### Dataset section
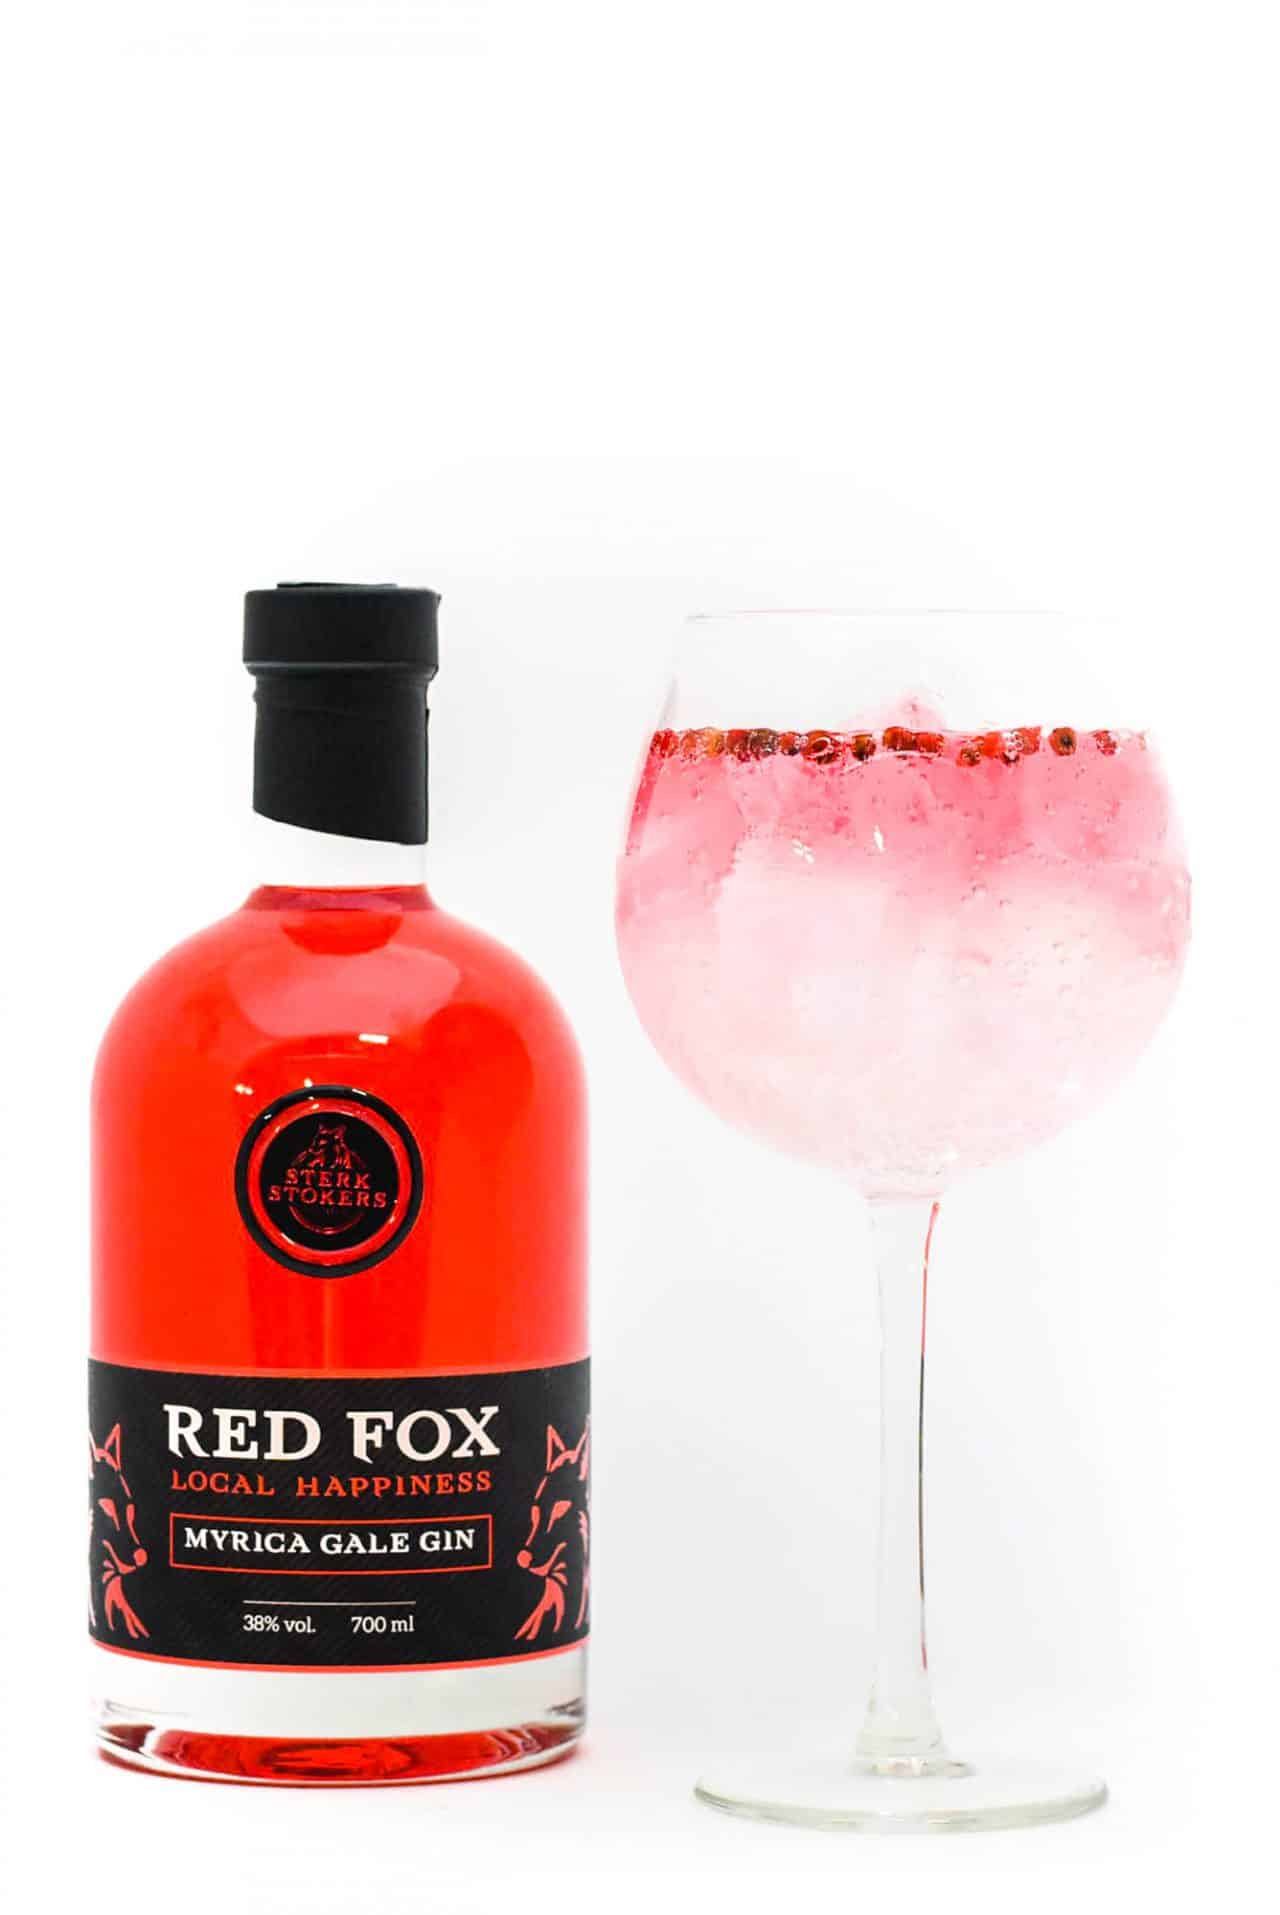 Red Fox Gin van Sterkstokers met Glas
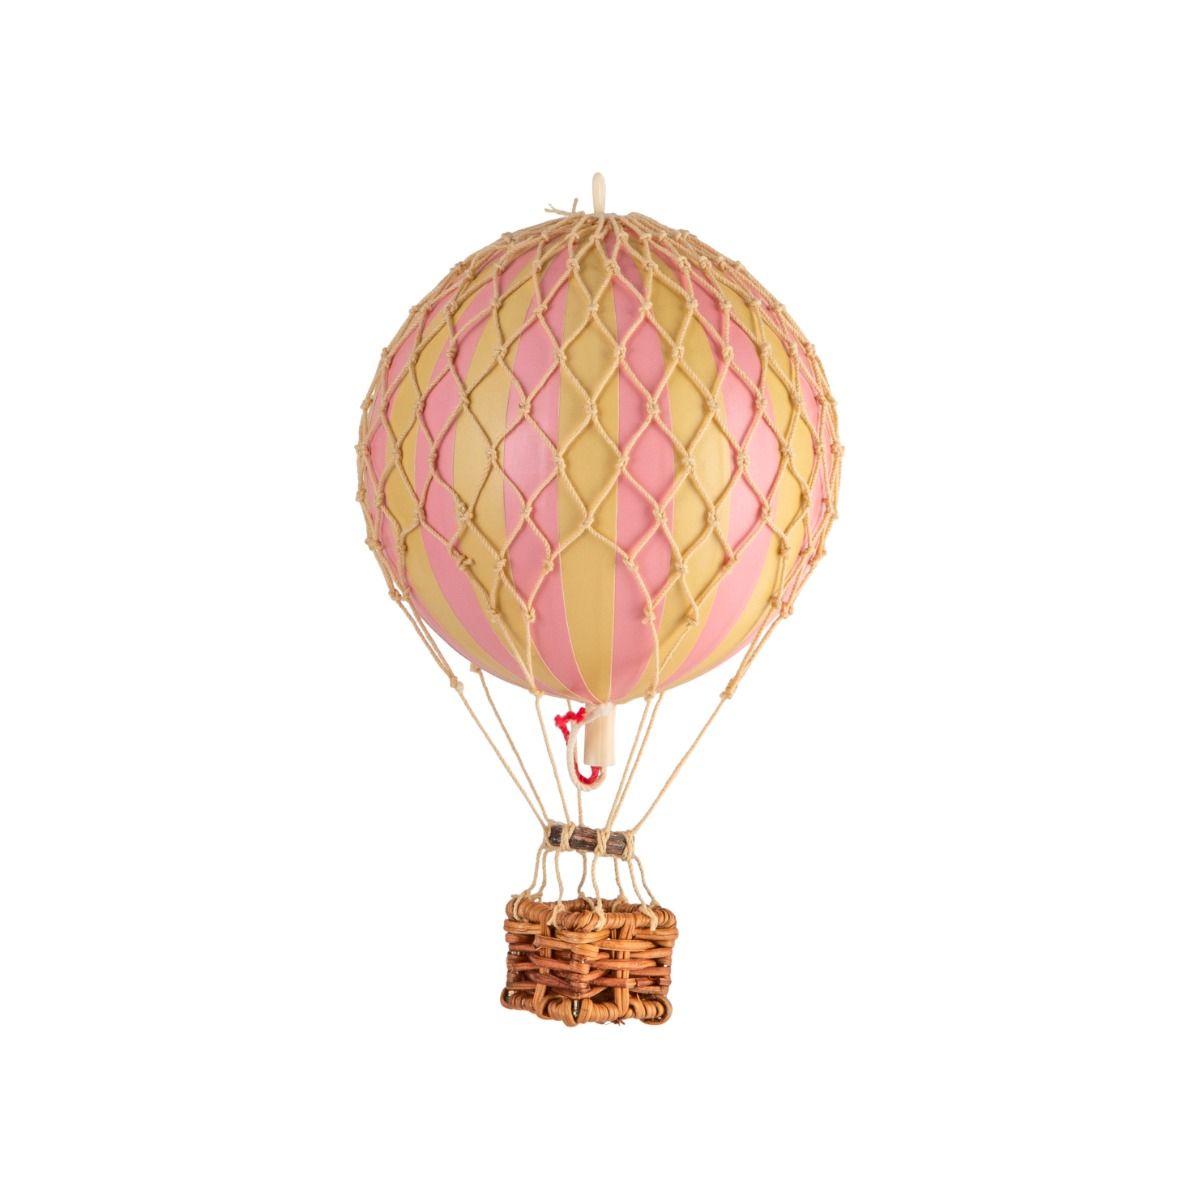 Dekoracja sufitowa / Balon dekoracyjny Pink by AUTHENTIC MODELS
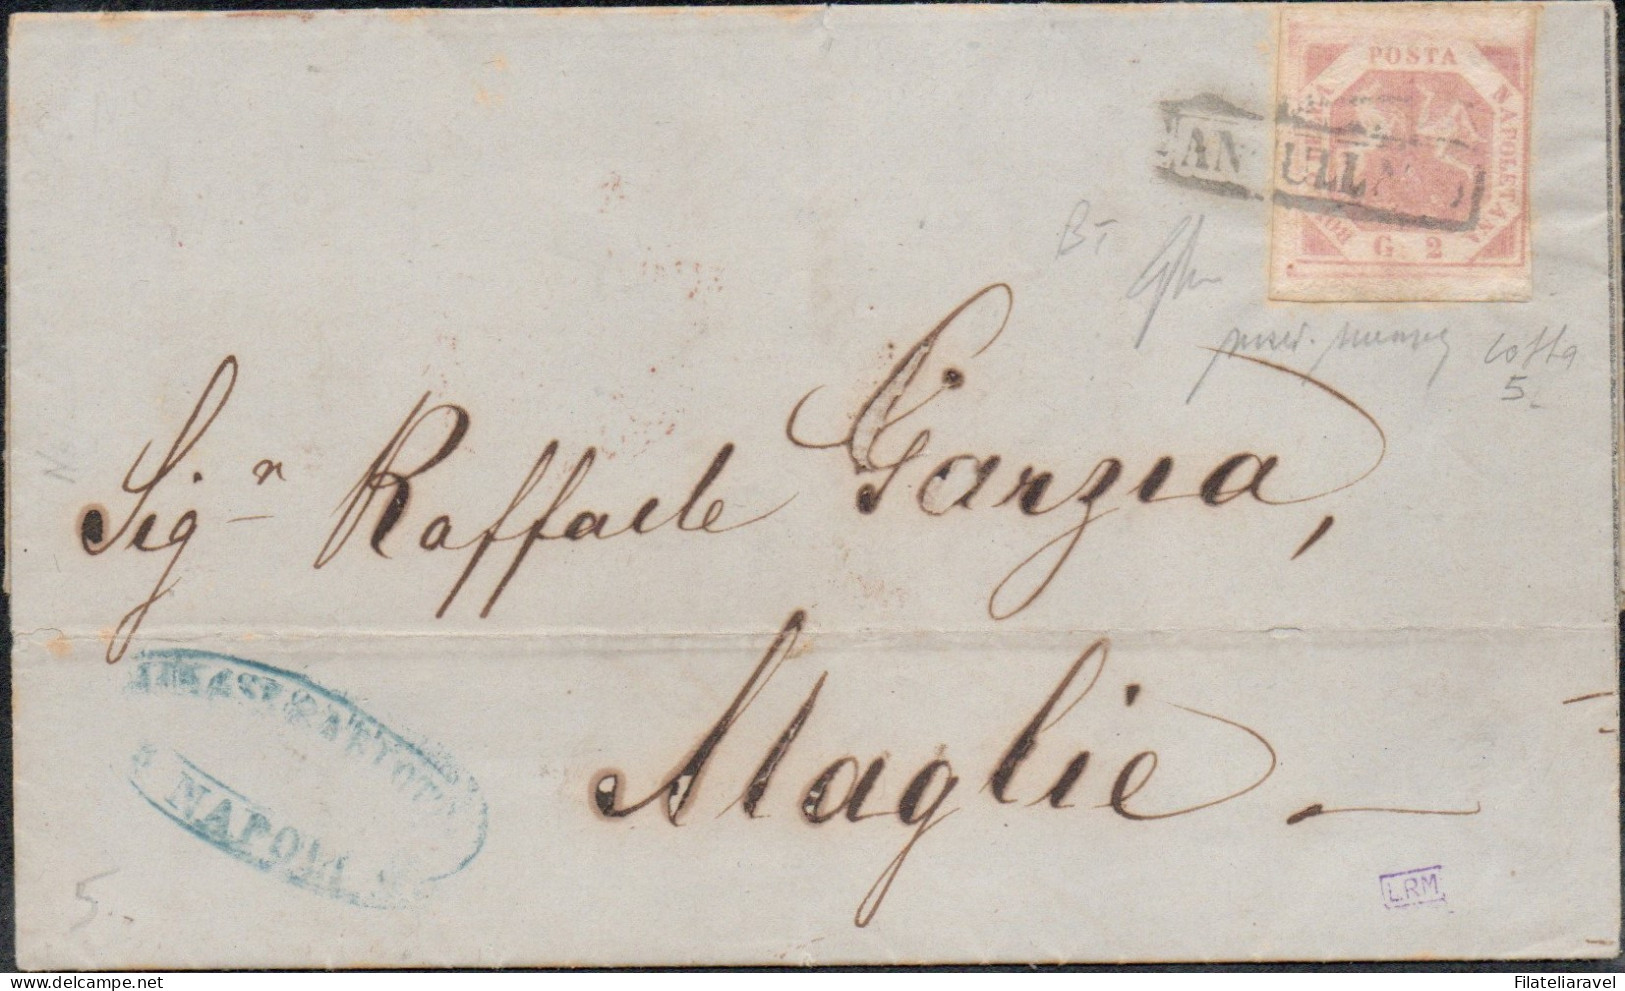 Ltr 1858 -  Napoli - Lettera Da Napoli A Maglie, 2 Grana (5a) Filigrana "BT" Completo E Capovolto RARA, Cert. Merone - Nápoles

### Task to carry out
Write out all of the data above exactly, pictures excluded.

### Exercise solution
 Red Fox Gin van Sterkstokers met Glas
 Dekoracja sufitowa / Balon dekoracyjny Pink by AUTHENTIC MODELS
 Ltr 1858 -  Napoli - Lettera Da Napoli A Maglie, 2 Grana (5a) Filigrana "BT" Completo E Capovolto RARA, Cert. Merone - Nápoles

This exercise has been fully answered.